◆ PROBLEM TO WORK ON
All of the data is to be printed exactly, though the images must be left off.

◆ INFORMATION PROVIDED

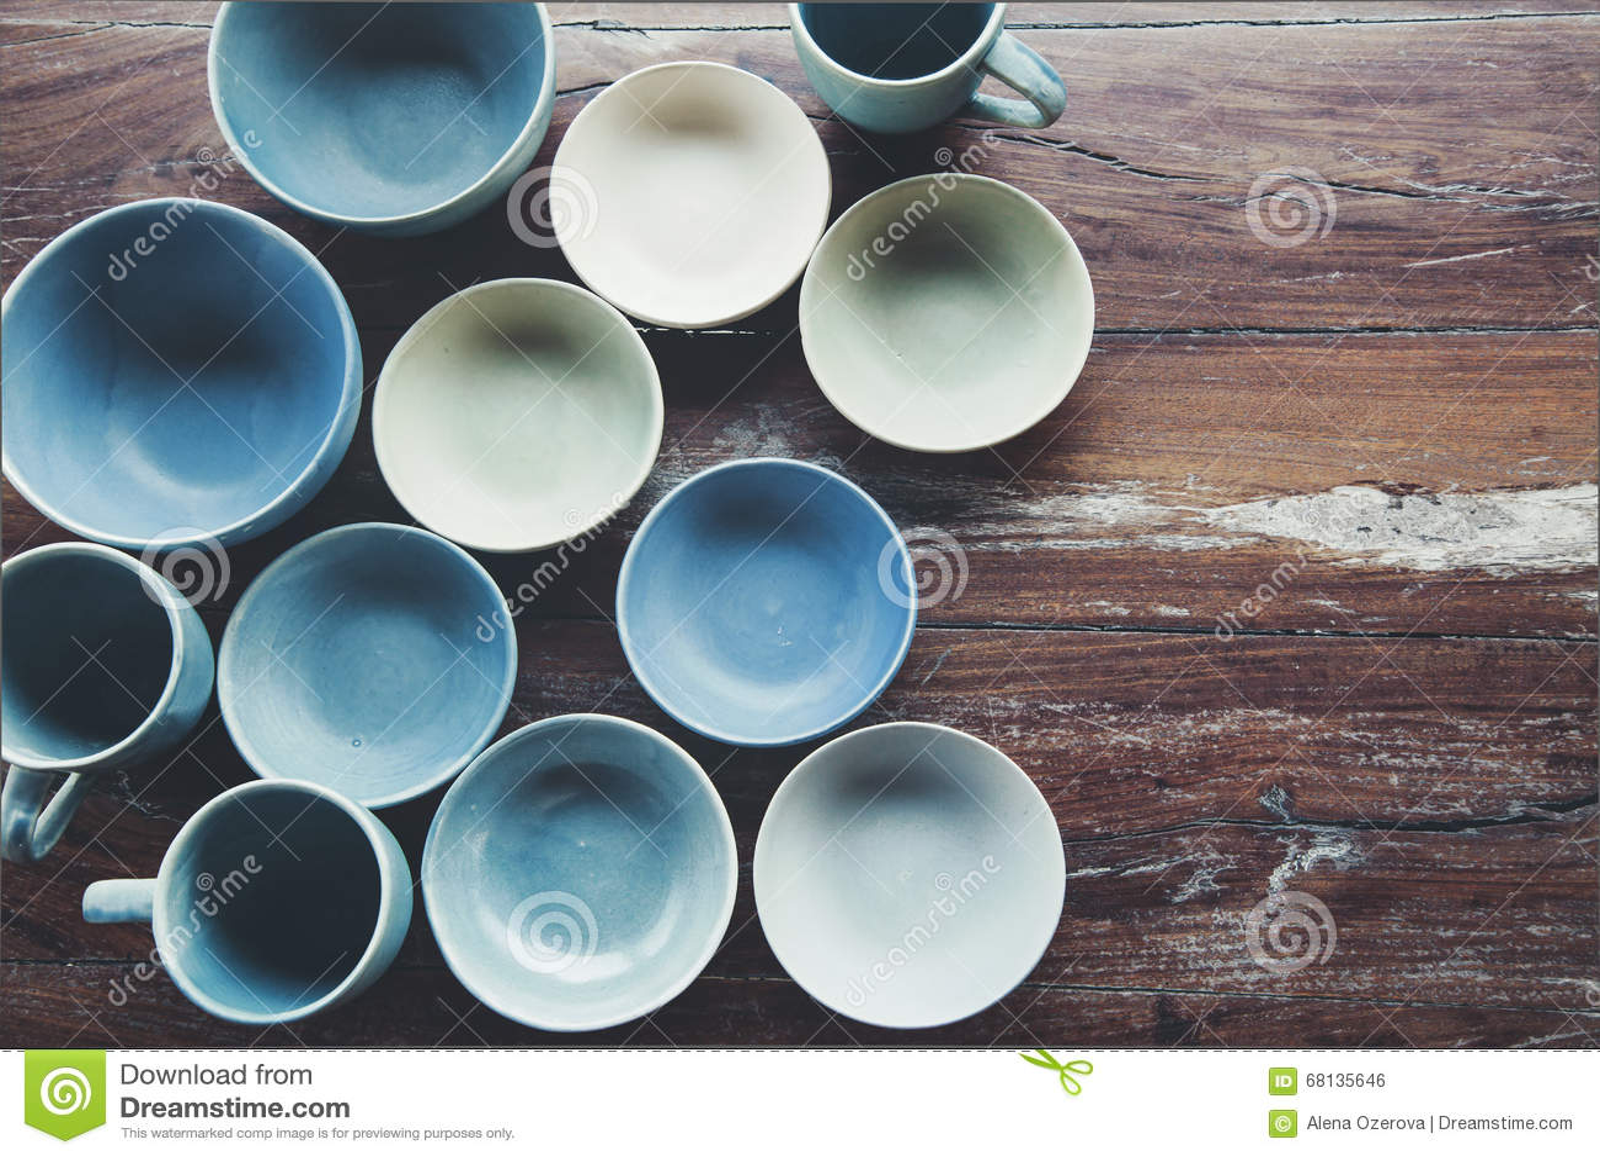 Platos de cer mica hechos a mano foto de archivo imagen - Platos de ceramica ...
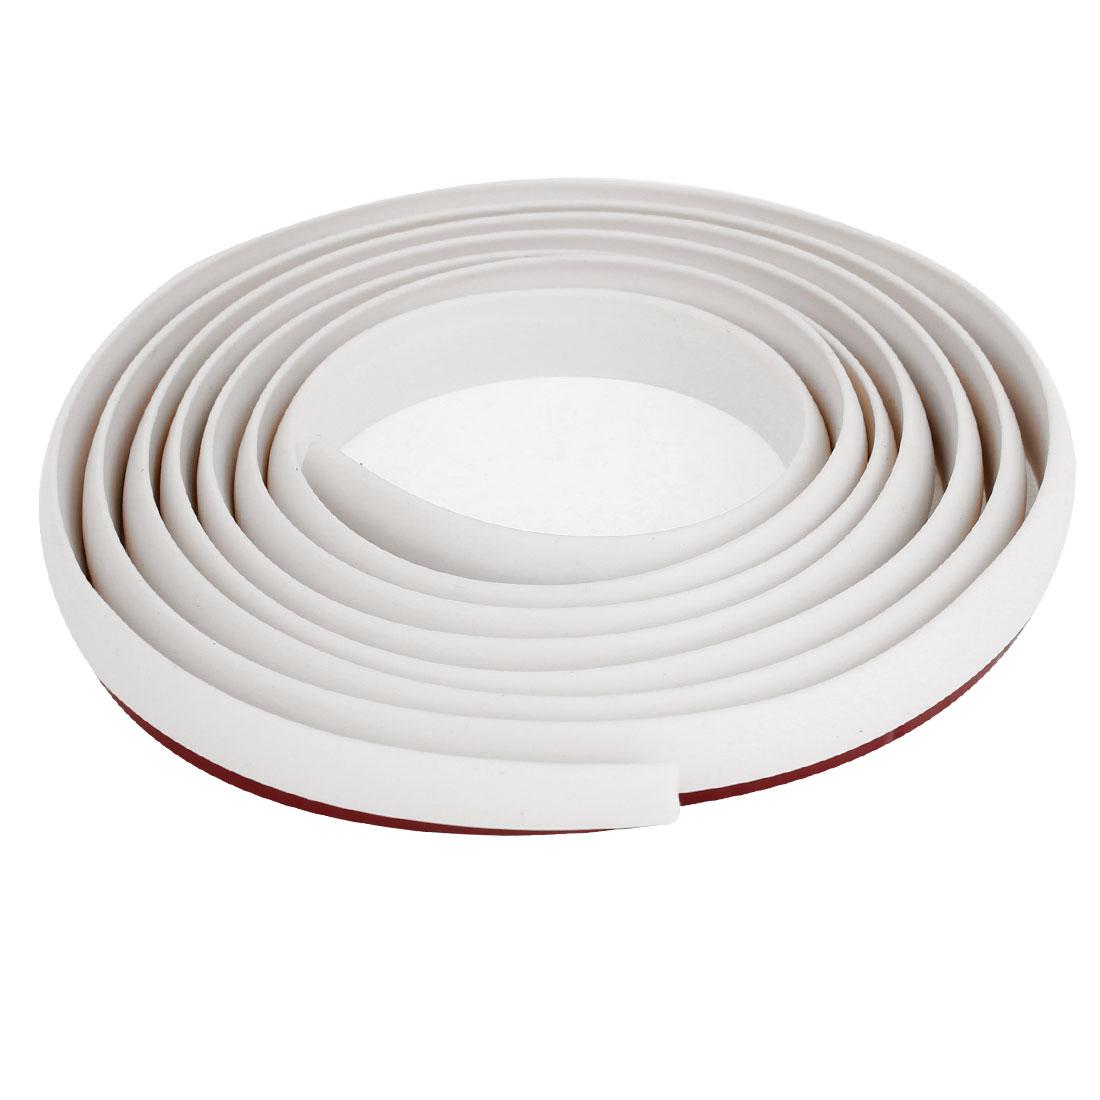 178cm Long White Rubber Flexible Strip Sticker Decor for Car
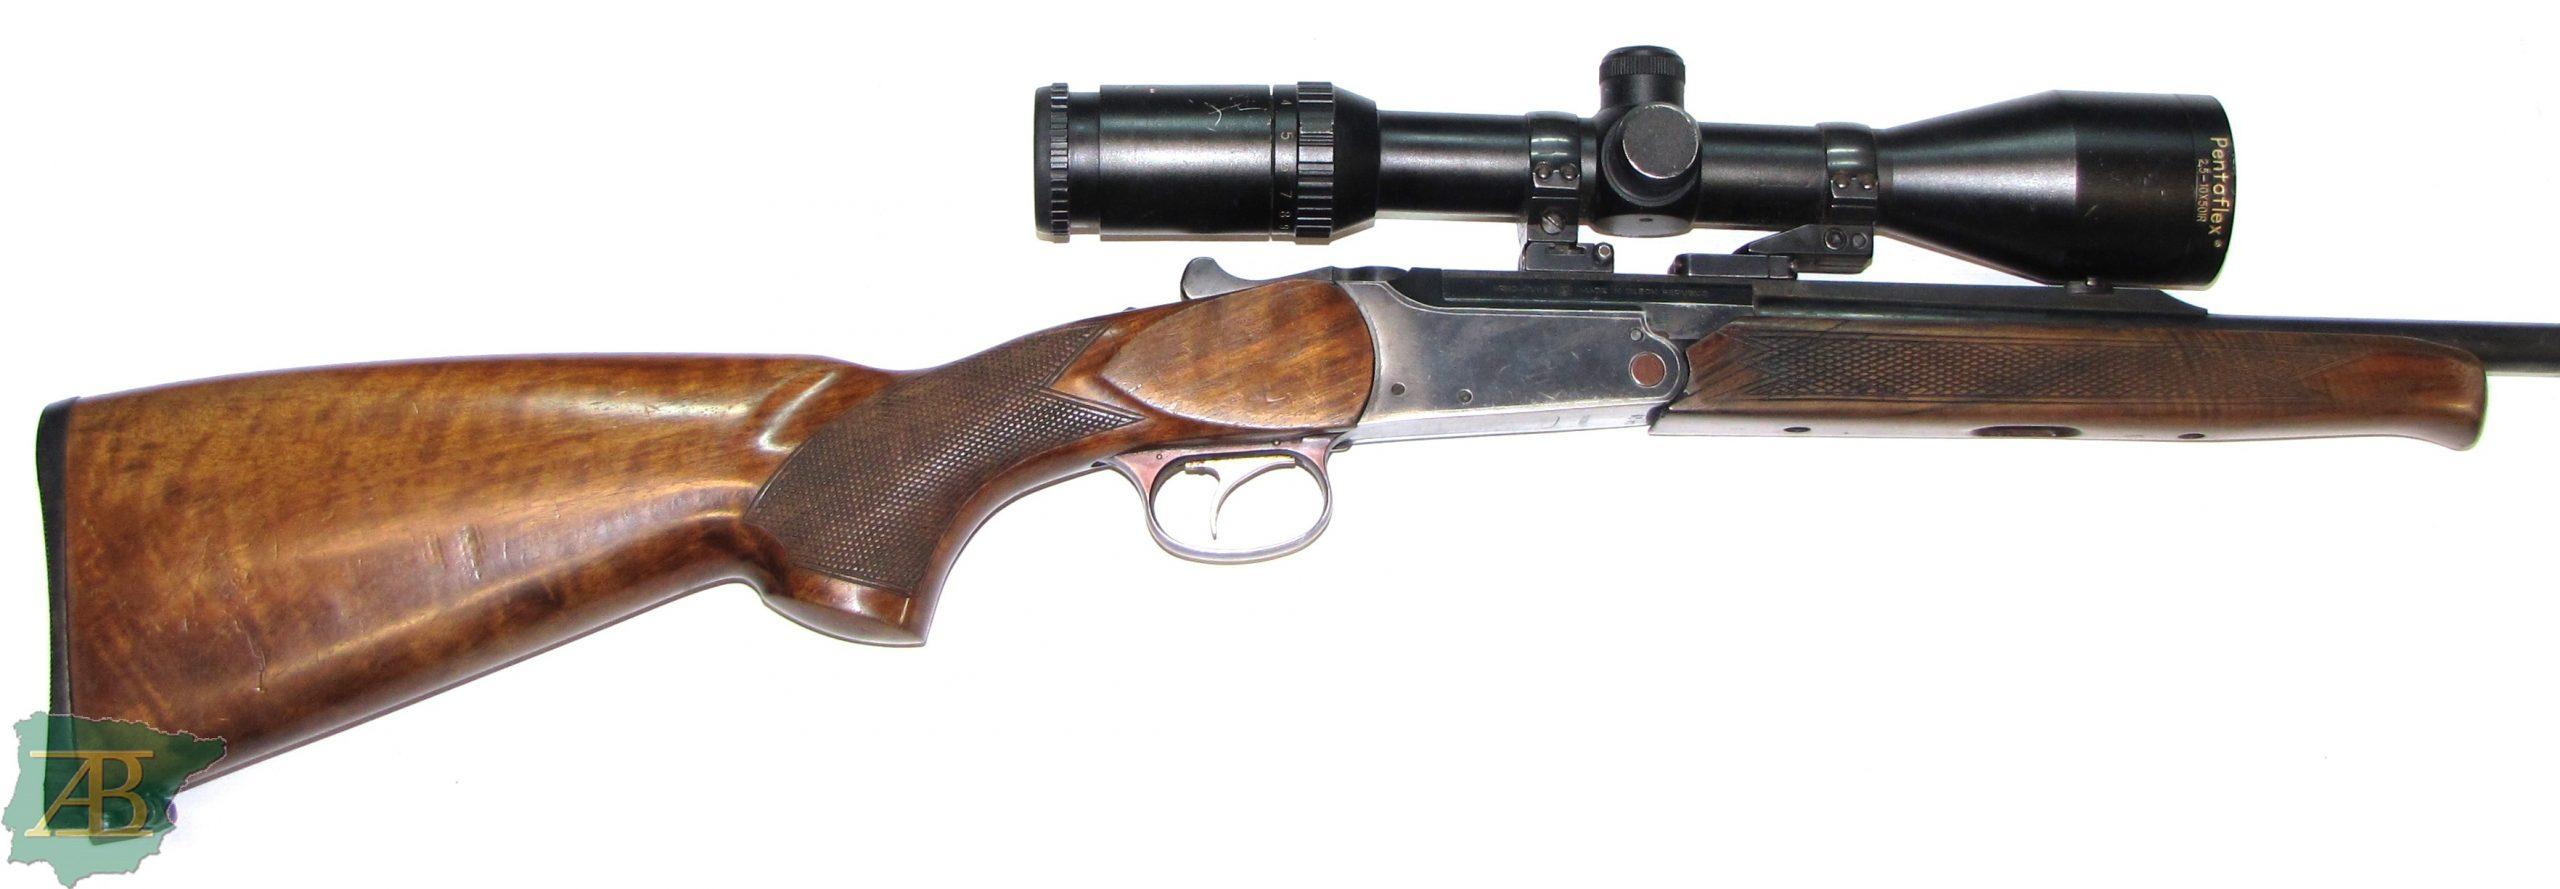 Rifle monotiro ZBROJOVKA BRNO ZK99-5 Ref REP2020-1092-armeriaiberica-2
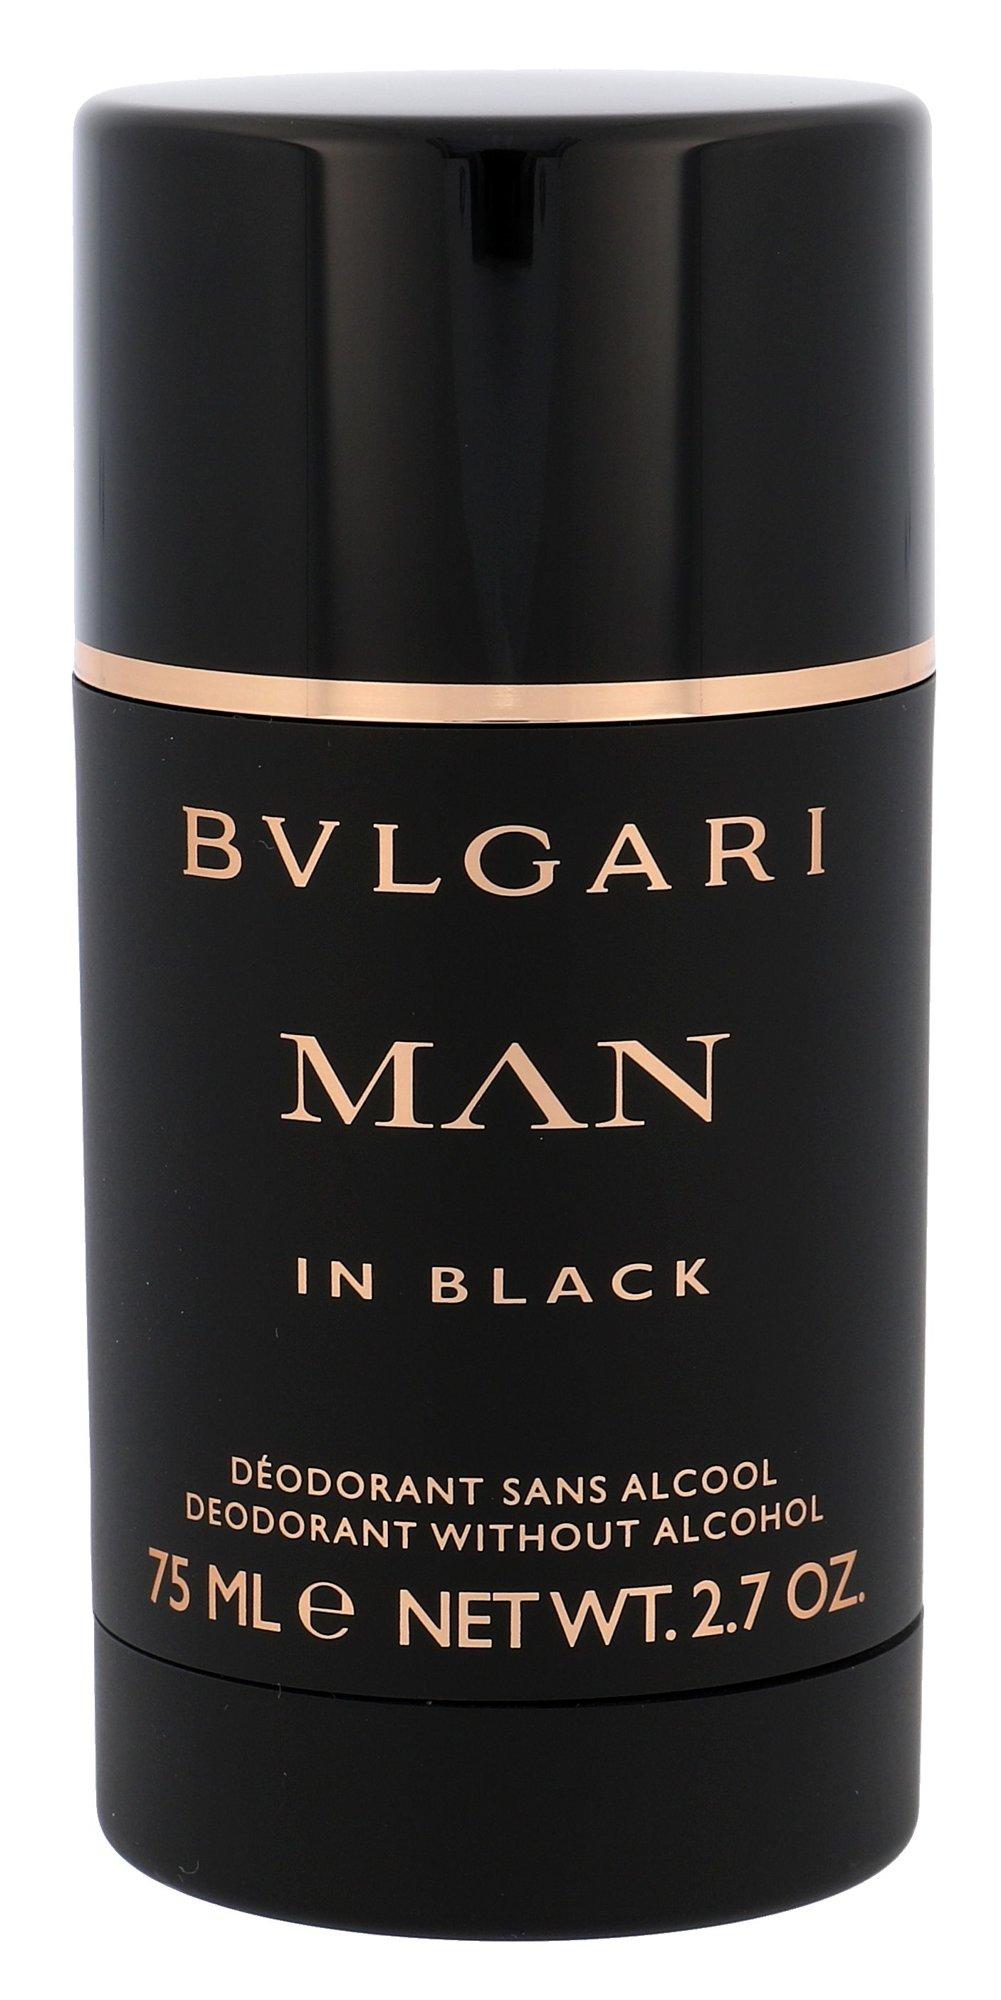 Bvlgari Man In Black Deostick 75ml

◆ EXERCISE ANSWER
 Platos de cer mica hechos a mano foto de archivo imagen - Platos de ceramica ...
 178cm Long White Rubber Flexible Strip Sticker Decor for Car
 Rifle monotiro ZBROJOVKA BRNO ZK99-5 Ref REP2020-1092-armeriaiberica-2
 Bvlgari Man In Black Deostick 75ml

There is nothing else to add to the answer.